Academic Writing for Postgraduate Research (for all students)

Joanna Page

Workshop 1: Improving Clarity and Fluency in Writing Style
Tuesday, 24 November 2020, 10:00-12:30, online

In this session we will work through a series of techniques that will help you to write more clearly, concisely, and effectively.

Workshop 2: Managing a Writing Project
Thursday, 26 November 2020, 10:00-12:30, online

By the end of this workshop, you should have a greater understanding of how to manage a writing project (such as an essay or a dissertation), from the initial planning stages through to submission.
 

Introduction to Film Theory and Analysis (for all students taking the Cinema module and any others interested)
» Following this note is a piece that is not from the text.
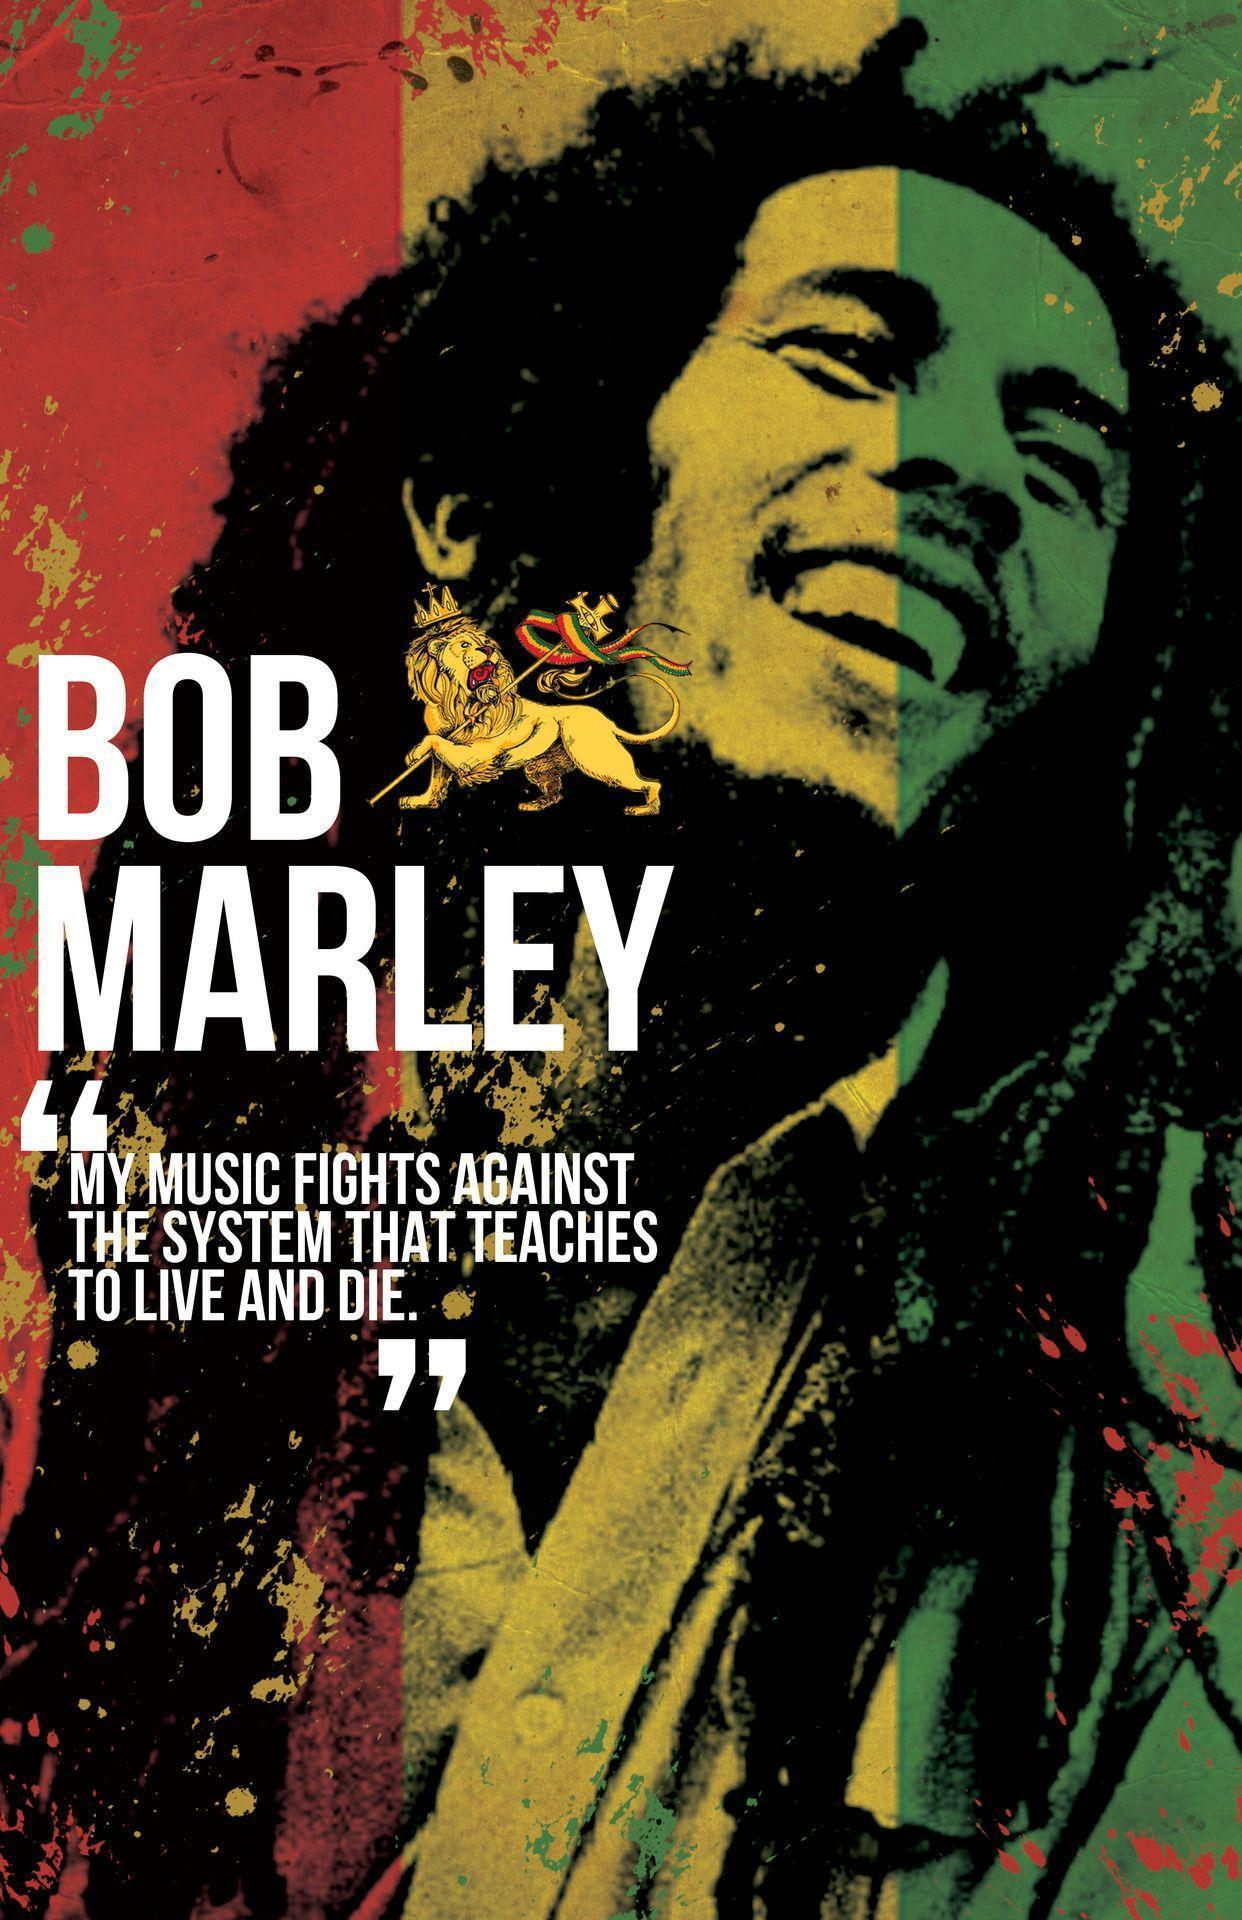 HD Bob Marley 4k Picture for Desktop

Tuesday, 19 January 2021, 11:00 - 13:00 - location TBC

Joanna Page 

This seminar will explore why and how theories of film and visual culture can be helpful in our analysis of individual texts and broader movements. We will explore how film theory has historically borrowed from structuralism, psychoanalysis, feminism and postcolonial studies before looking how these and other ideas are taken up in a range of different contemporary approaches. As this seminar is also designed to give a useful broader context for studying Latin American cinema, in the second part we will discuss some important trends and movements elsewhere with which Latin American filmmakers have established a dialogue, such as Soviet montage, Italian neorealism and the French nouvelle vague. Although part of the seminar will be lecture-style, we will also analyse a number of sequences together.

The seminar will provide a useful introduction to approaches to film and visual culture for those who have not formally studied it at undergraduate level; for those who have, it should extend your understanding of different approaches that you may wish to explore in your own research.